Robert Barnard: "Fairly preposterous example of thriller-type Christie, but livelier than some. Engaging heroine and unusually good minor characters – archeologists, hotelkeeper, etc. The plot concerns attempts to prevent The Big Three (Britain was one of them then) from coming together and making peace.
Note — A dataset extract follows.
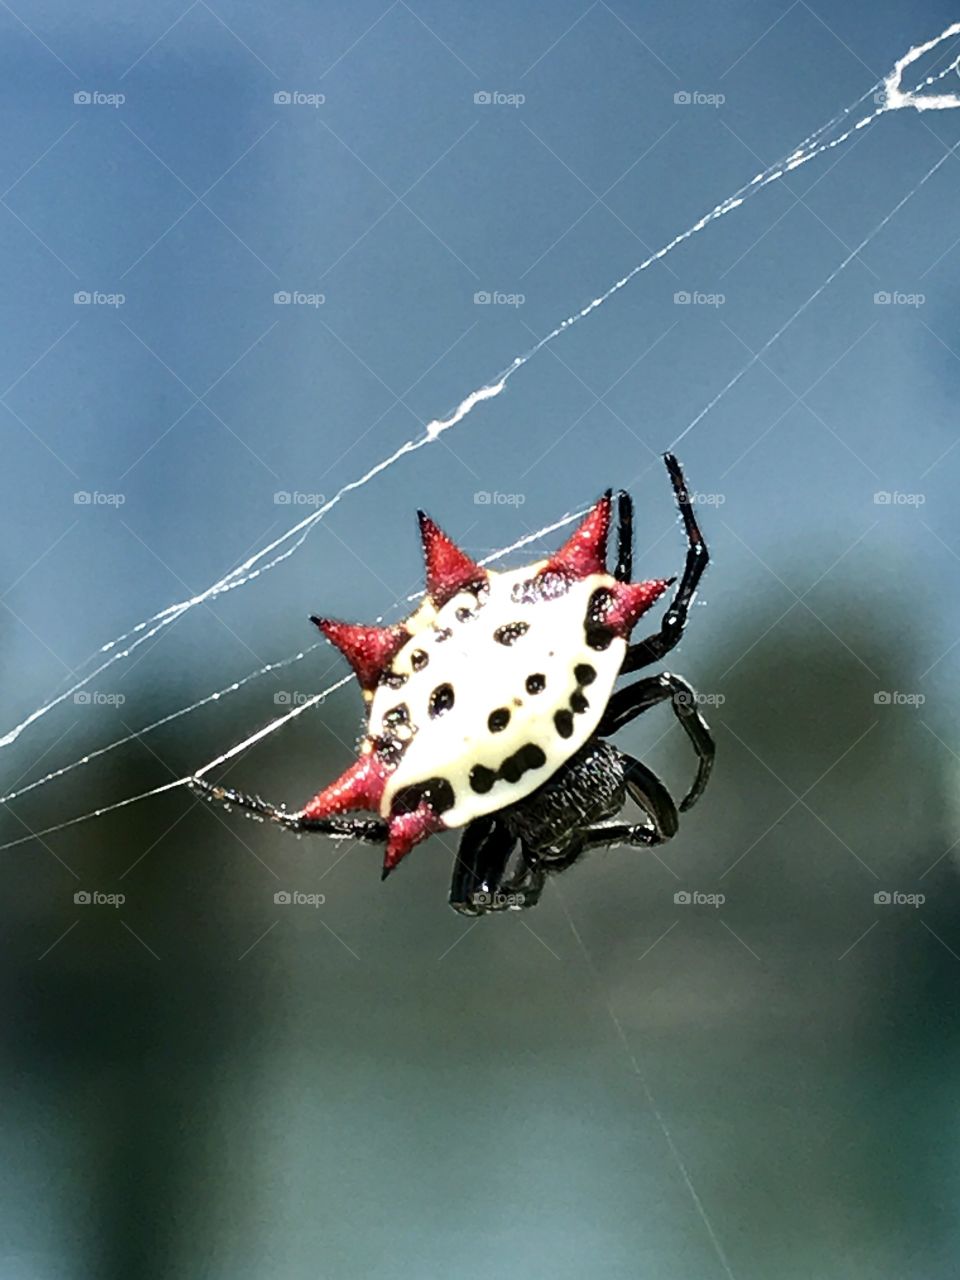 Crab Spider spinning web

Though the villains are not left-wing, they sound like her left-wing idealists of the 'thirties (wanting, as usual, to create a 'New Heaven and Earth' – highly dangerous!)"

==Adaptations==

It was adapted as an episode of Westinghouse Studio One in 1952.

==Publication history==
- 1951, Collins Crime Club (London), 5 March 1951, hardback, 256 pp
- 1951, Dodd Mead and Company (New York), 1951, hardback, 218 pp
- 1952, Pocket Books (New York), paperback (Pocket number 897), 215 pp
- 1957, Fontana Books (Imprint of HarperCollins), paperback, 192 pp
- 1965, Dell Books, paperback, 221 pp
- 1965, Ulverscroft Large-print Edition, hardcover, 256 pp
- 1969, Greenway edition of collected works (William Collins), hardcover, 287 pp ISBN 0-00-231814-8
- 1970, Greenway edition of collected works (Dodd Mead), hardcover, 287 pp
- 1974, Pan Books, paperback, 221 pp
- 1978, Ulverscroft Large-print Edition, hardcover, 410 pp ISBN 0-7089-0189-1

In the UK the novel was first serialised in the weekly magazine John Bull in eight abridged instalments from 13 January (Volume 89, Number 2324) to 3 March 1951 (Volume 89, Number 2331) with illustrations by "Showell". An abridged version of the novel was published in the 1 September 1951 issue of the Star Weekly Complete Novel, a Toronto newspaper supplement, with an uncredited cover illustration.